Get out of the winter soup rut with bright and flavorful Thai Ramen Noodle Chicken Soup. Thanks to quick-cooking ramen noodles, this dish comes together quickly with leftover or rotisserie chicken, for a hearty weeknight meal.

Overhead view of Thai Ramen Noodle Chicken Soup in a large Dutch oven.

What is it about soup that’s so comforting and restorative?

I’m about midway through my yearly knock-down-drag-out cold — it’s a doozy — and all I can think about is my next bowl of soup. (And, I’ll admit, my next nap.) There’s bone broth simmering in the slow cooker as I type this.

Chicken soup is on the menu for dinner tonight, and a big mug of leftover Thai ramen noodle chicken soup and a vegetable-heavy green salad is waiting for me for lunch. Hot herbal tea has soothed the throat and warmed the body, but I don’t think I would’ve gotten through this insipid virus if it weren’t for soup.
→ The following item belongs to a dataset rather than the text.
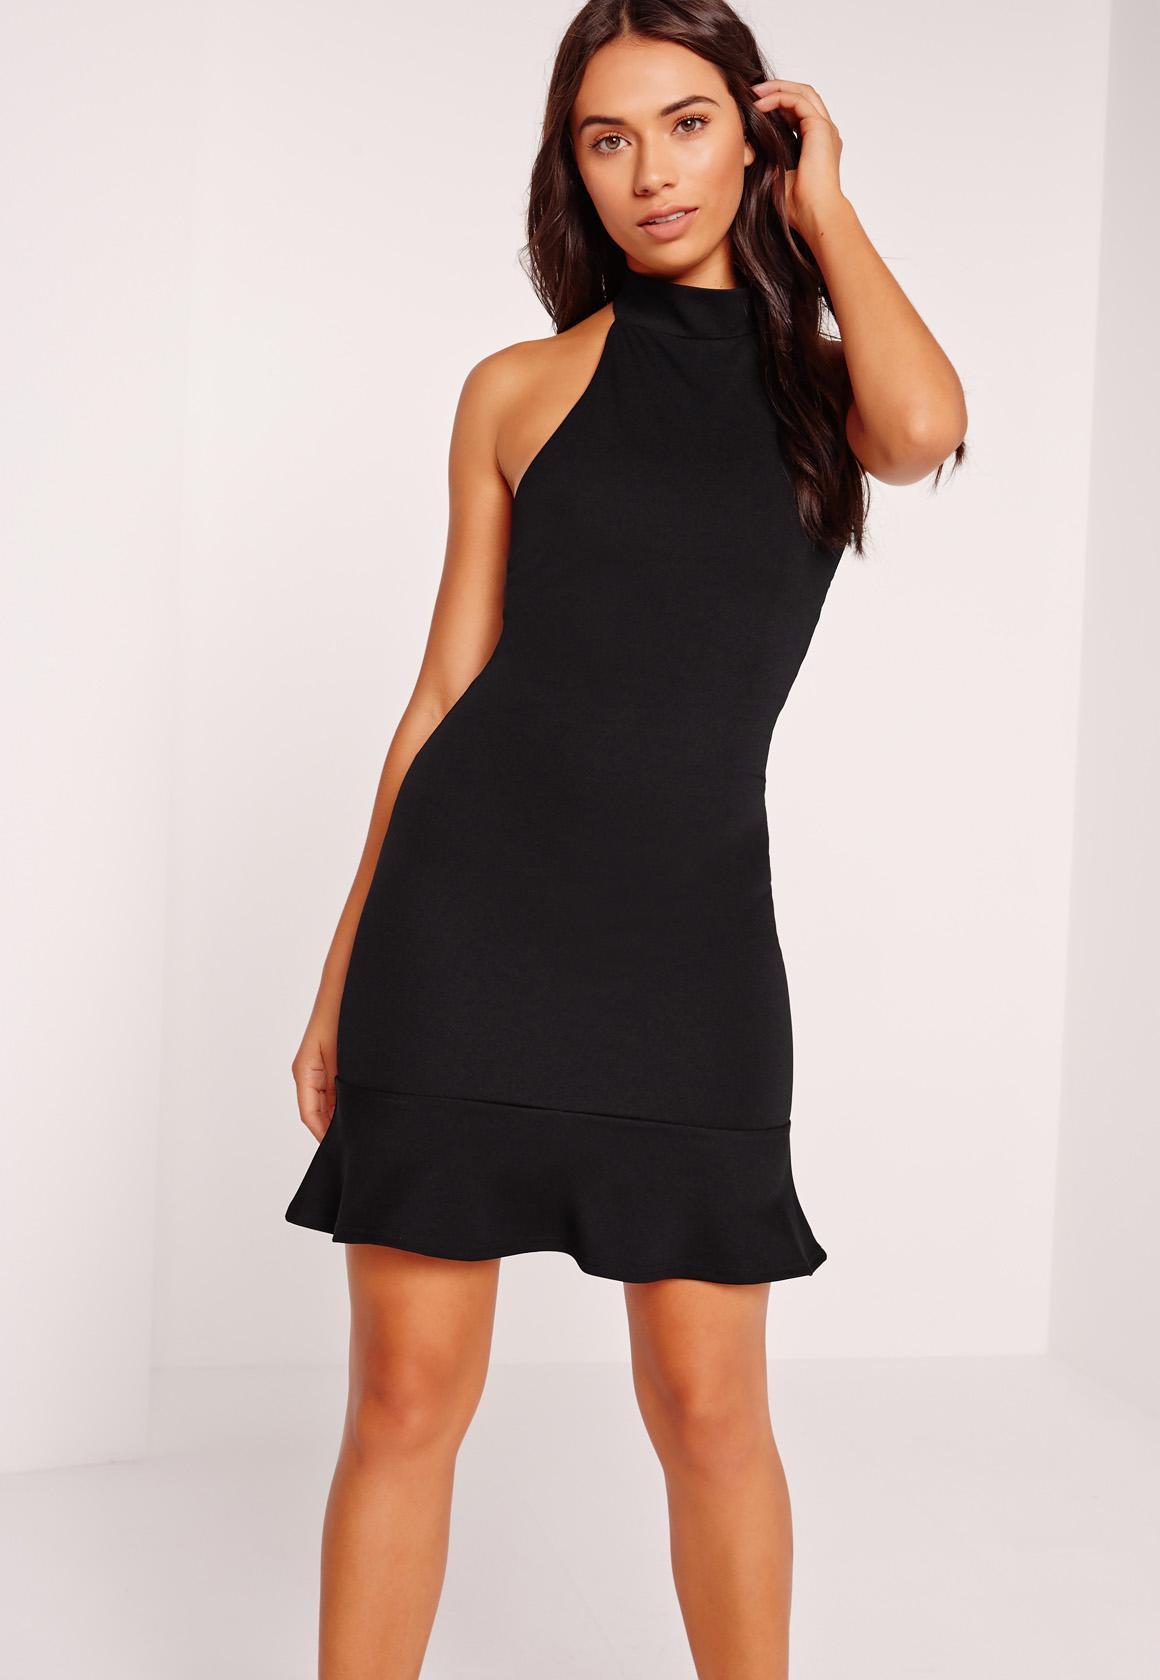 Black Halter Neck Dress | Ejn Dress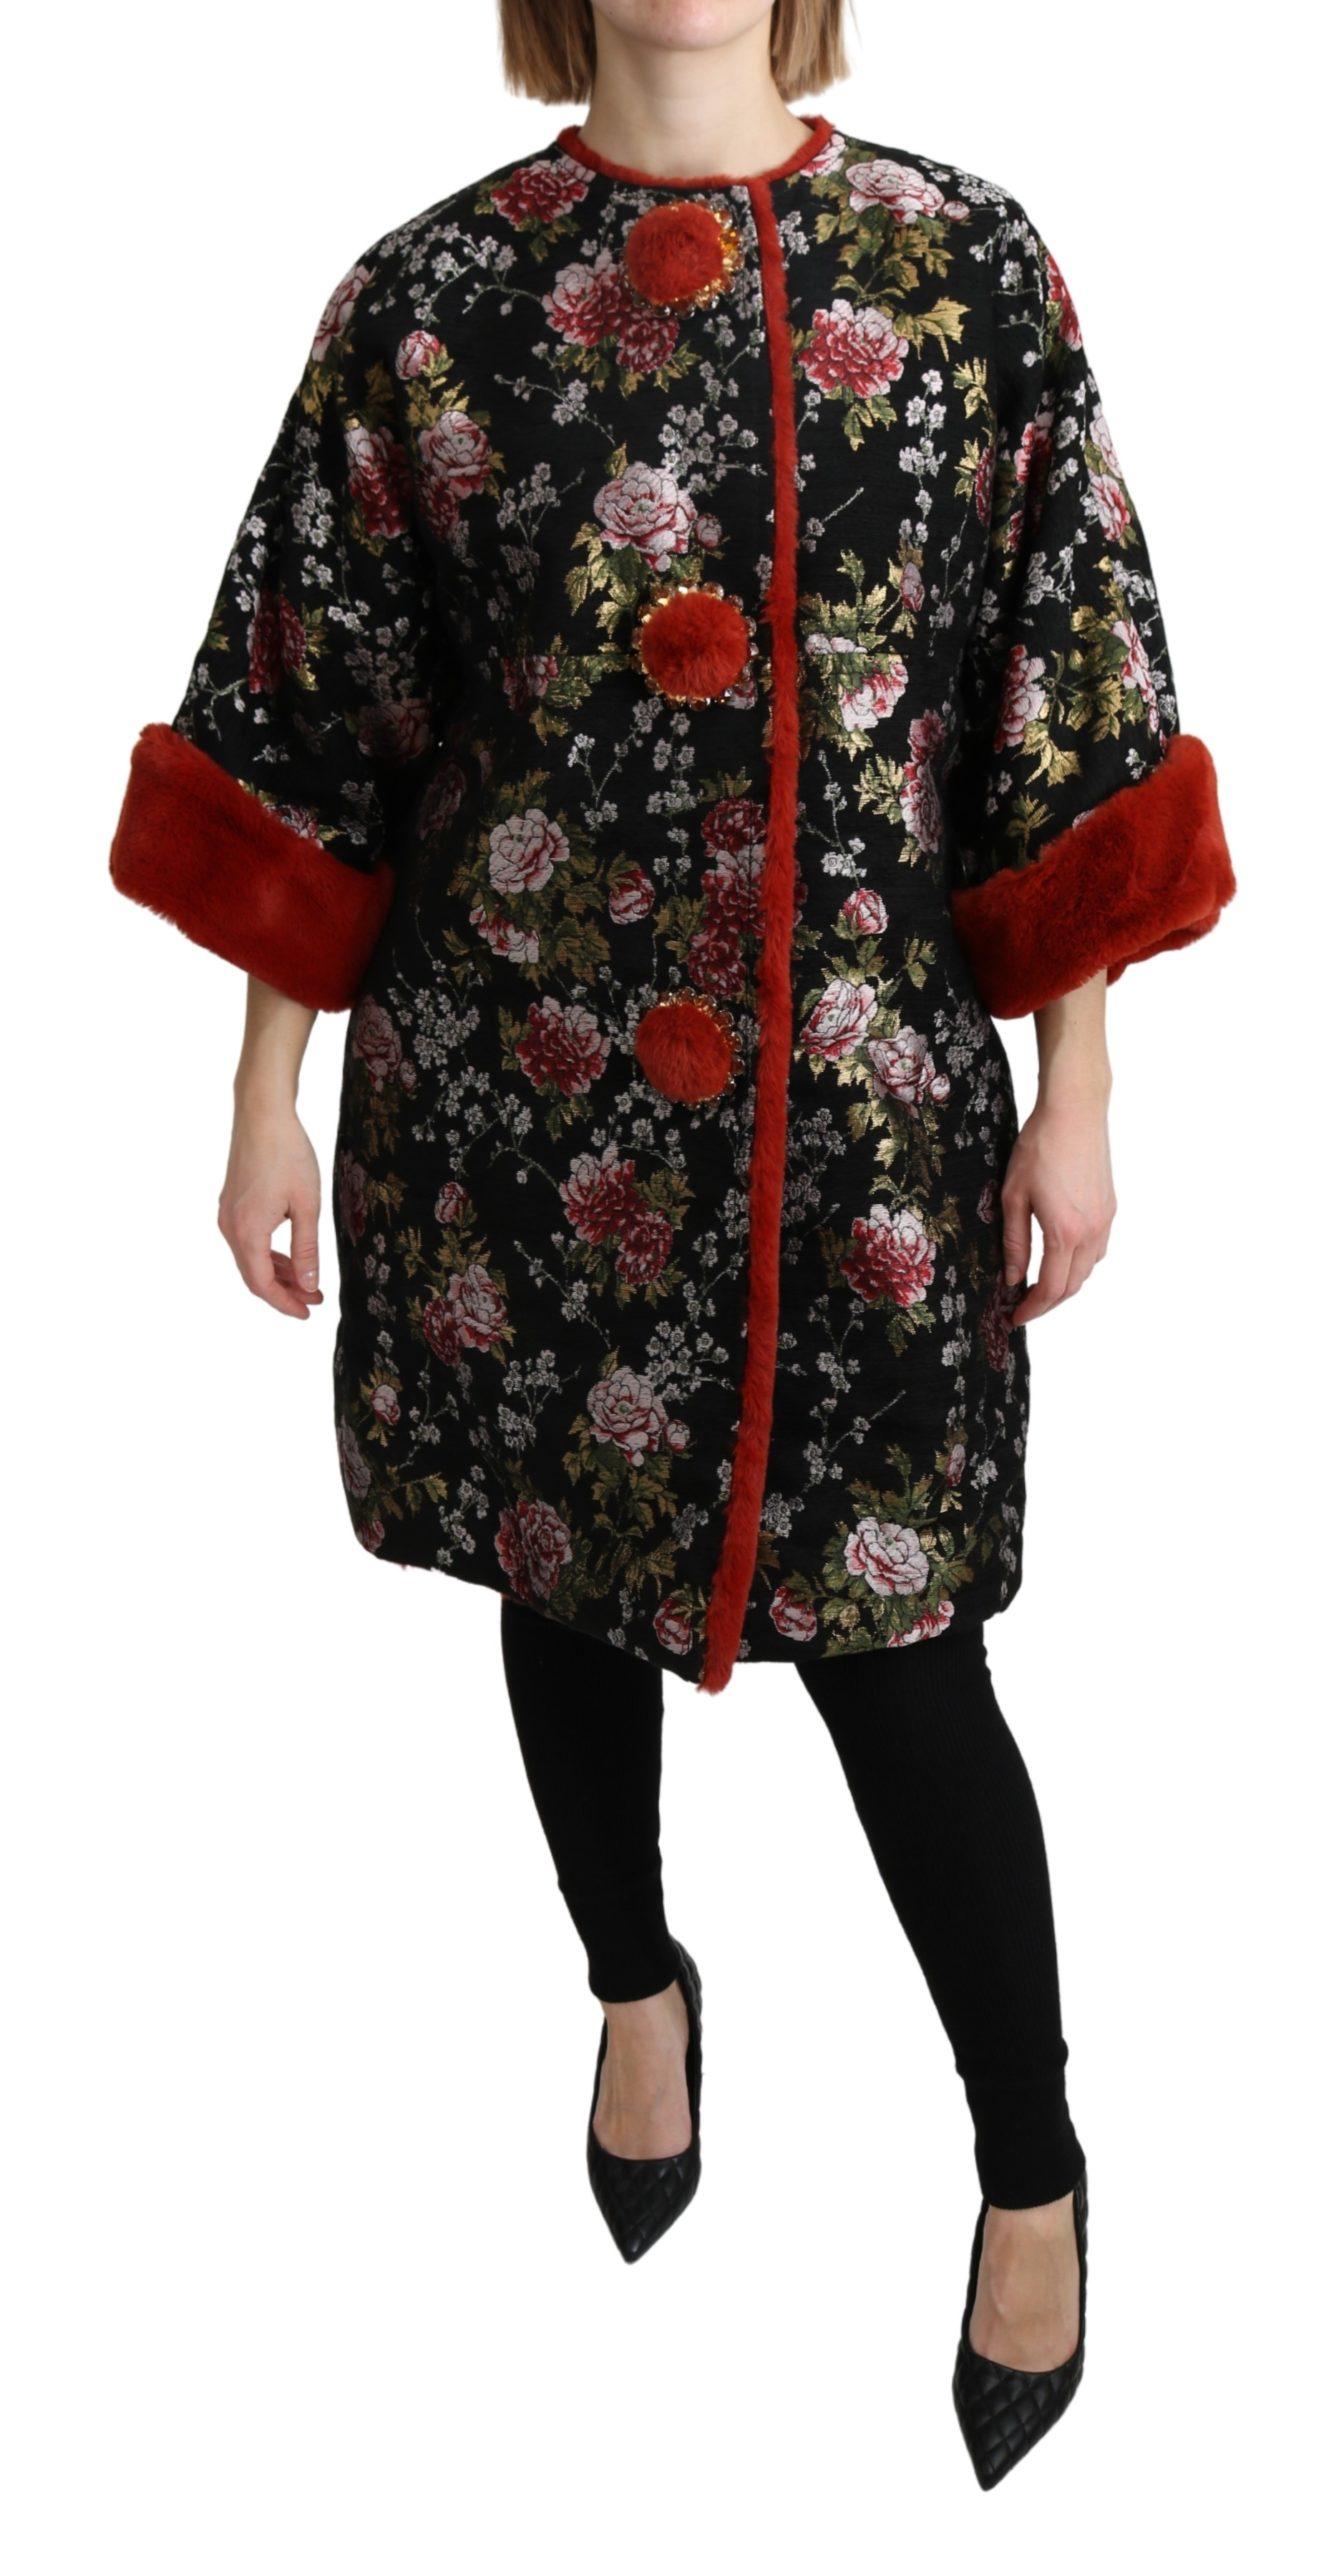 Dolce & Gabbana Women's Floral Fur Crustal Jacket Multicolor JKT2633 - IT38 | S

Today’s chicken soup is just the kind of medicine I need to get through it all. Lots of health-supporting ginger, garlic, mushrooms, and — of course — a deeply savory, homemade bone broth, all rounded out by delicious Thai-inspired ingredients like Thai red curry paste, kaffir leaves, and lemongrass.

And it comes together lickety-split, thanks to quick-cooking ramen noodles: Dinner on the table in just 30 minutes. That’s something even a cold-muddled zombie, like my current sad self, can pull together.

Why the Cheap Ramen Noodles?

I’d like to get one thing out on the table here. There’s always someone who complains when a recipe calls for the cheap ramen packets at the grocery store.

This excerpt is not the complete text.